With each word, he continued hammering at the circle. I felt it in every flash of relief in my broken body, but now I was worried, too. How much had it taken from Ian for him to keep beating on that magic-imbued barrier? Was it everything he had?

I reached down inside myself and felt around until I brushed the most forbidden aspects of my other half. Yes, that power was still there, but would it be enough? Worse, would it be too much? Ian was right; that part had been held back for so long that I had no idea what it would do if I let it out again.

“Can’t . . . control it,” I managed to say.
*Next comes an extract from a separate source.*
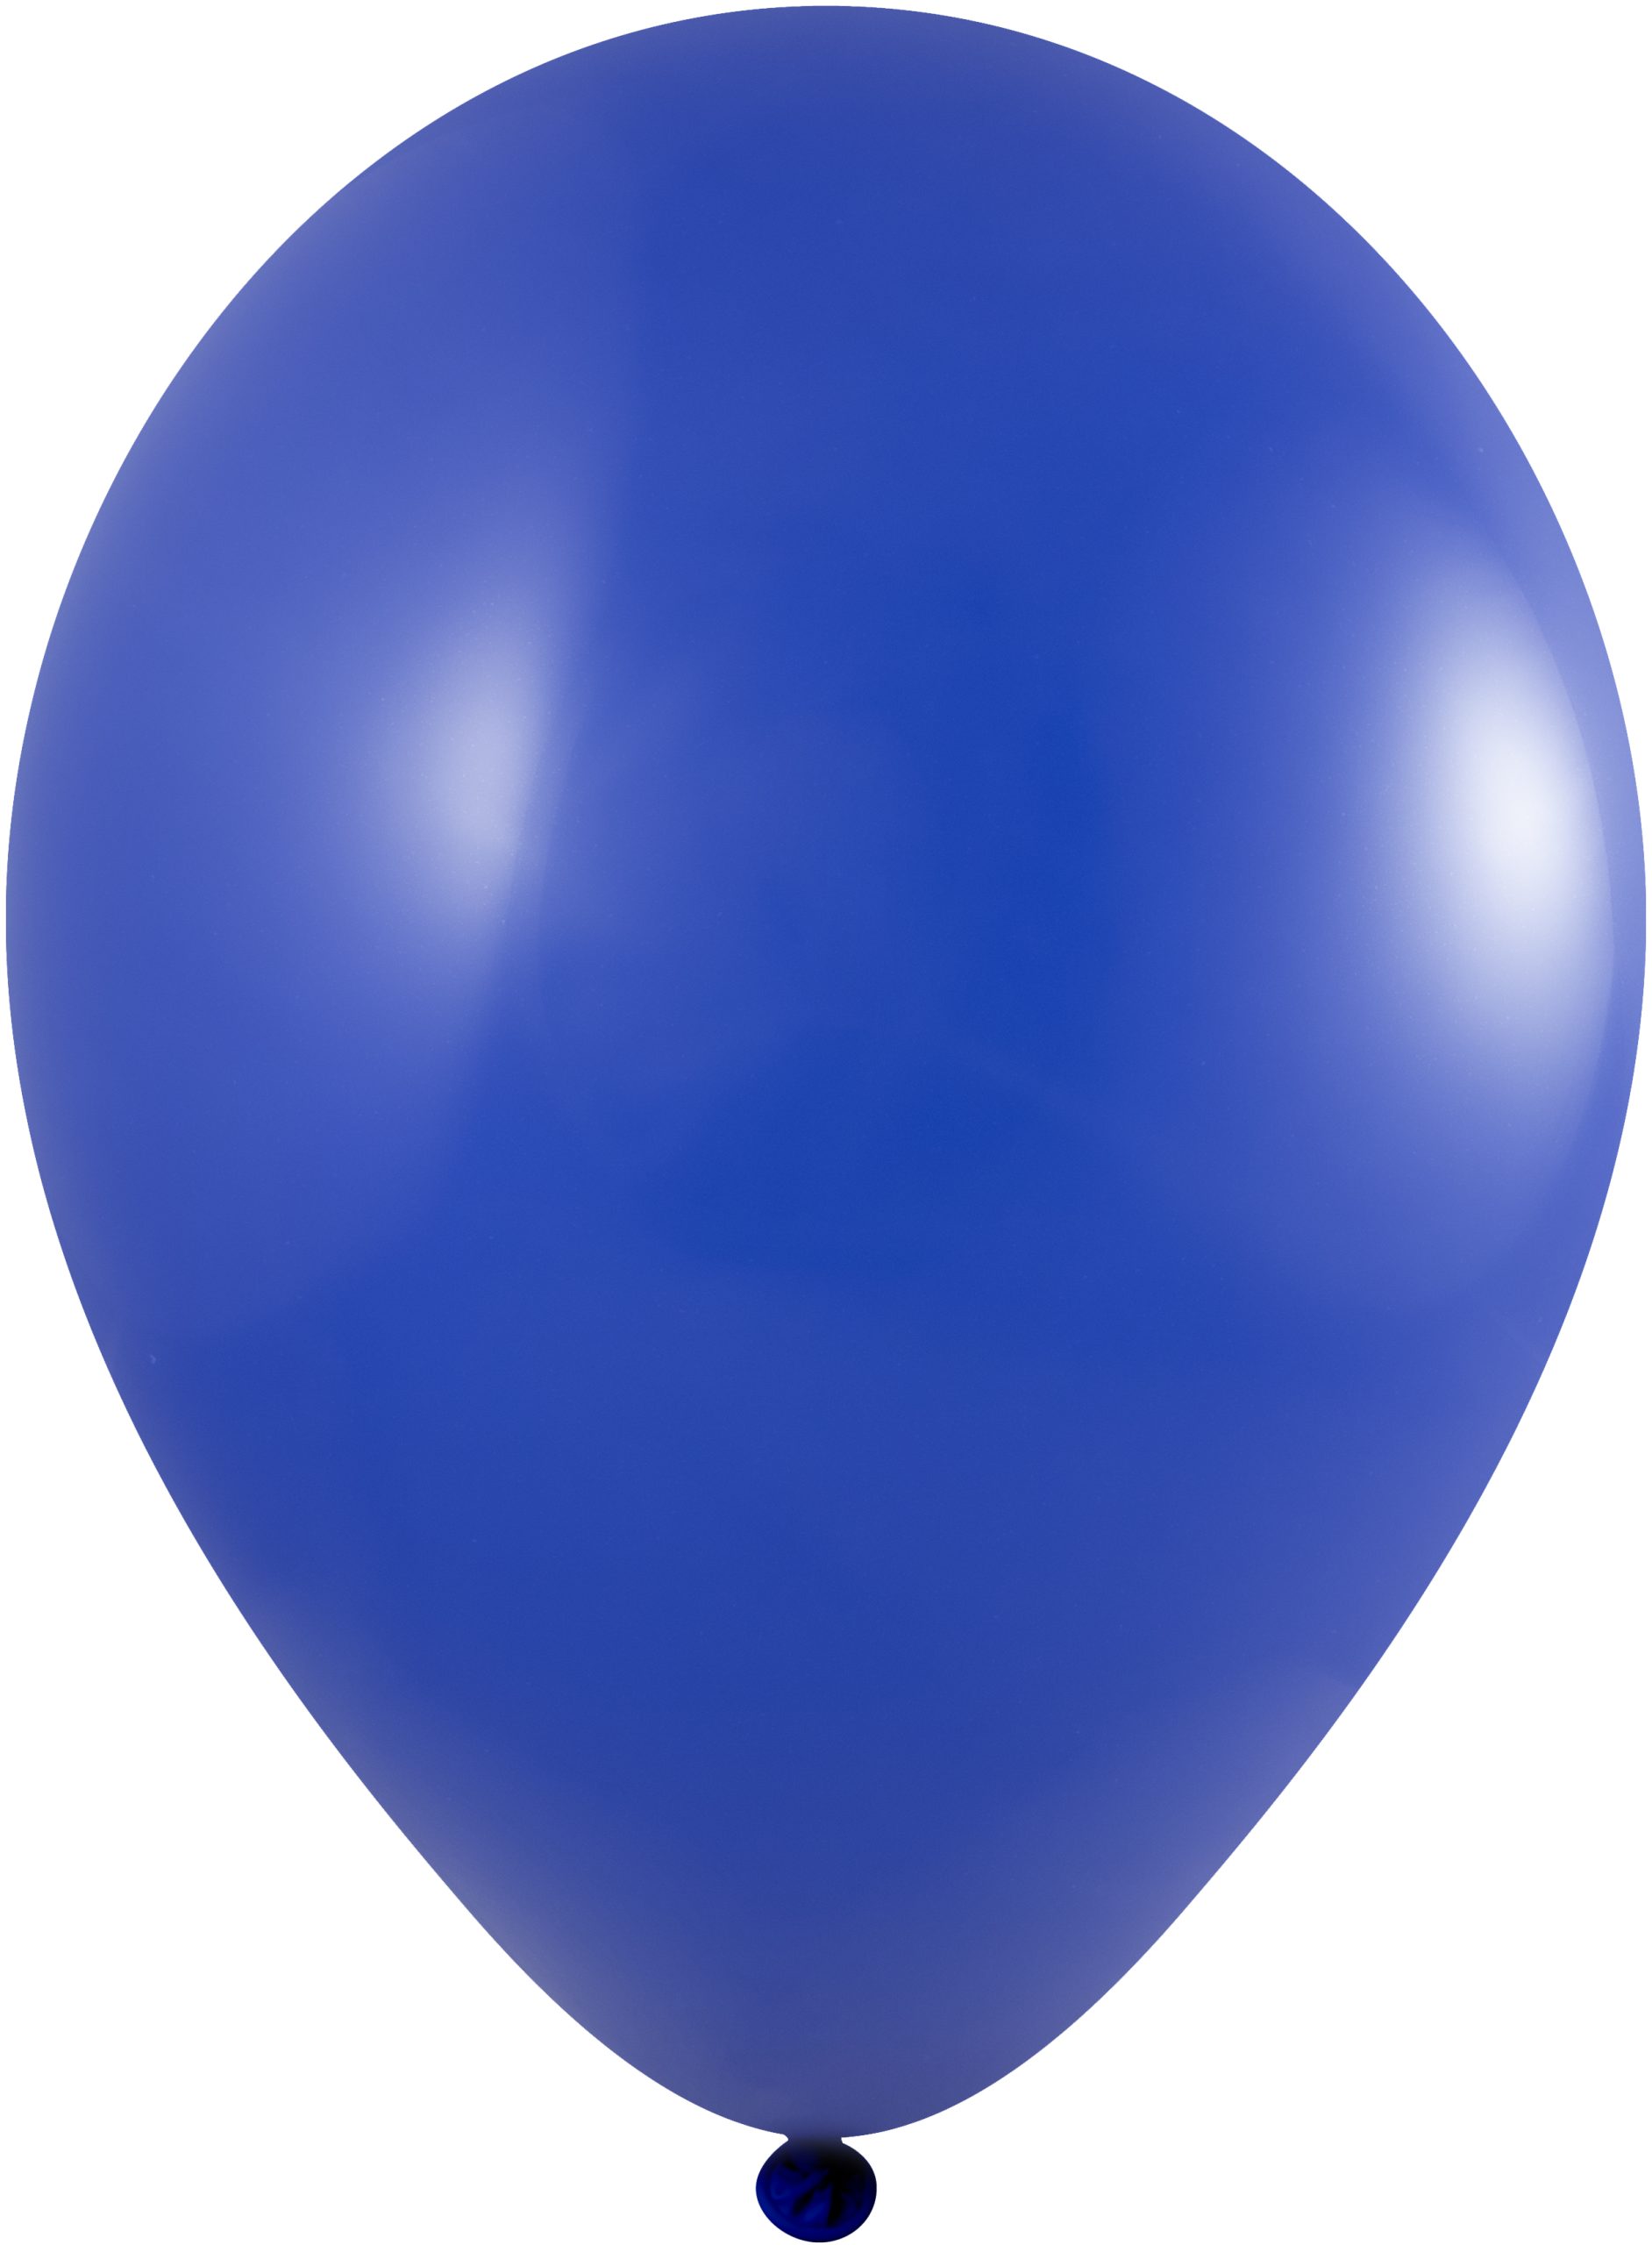 Ballonnen  - Ø 33 cm

“You don’t need to.” A shout that coincided with a boom! that shook me to my core. “I trust you, all of you. You won’t hurt me, and nothing you can do will ever horrify me. Let yourself free, Veritas! Every bit of you!”

I could feel the cracks on the walls widening. Soon, they would come down, and Dagon would come at us with everything he had. He didn’t even need to get close to Ian to kill him, either. A shot through the heart with a silver bullet would be enough, and Ian had left automatic weapons filled with silver rounds at the bottom of his circle.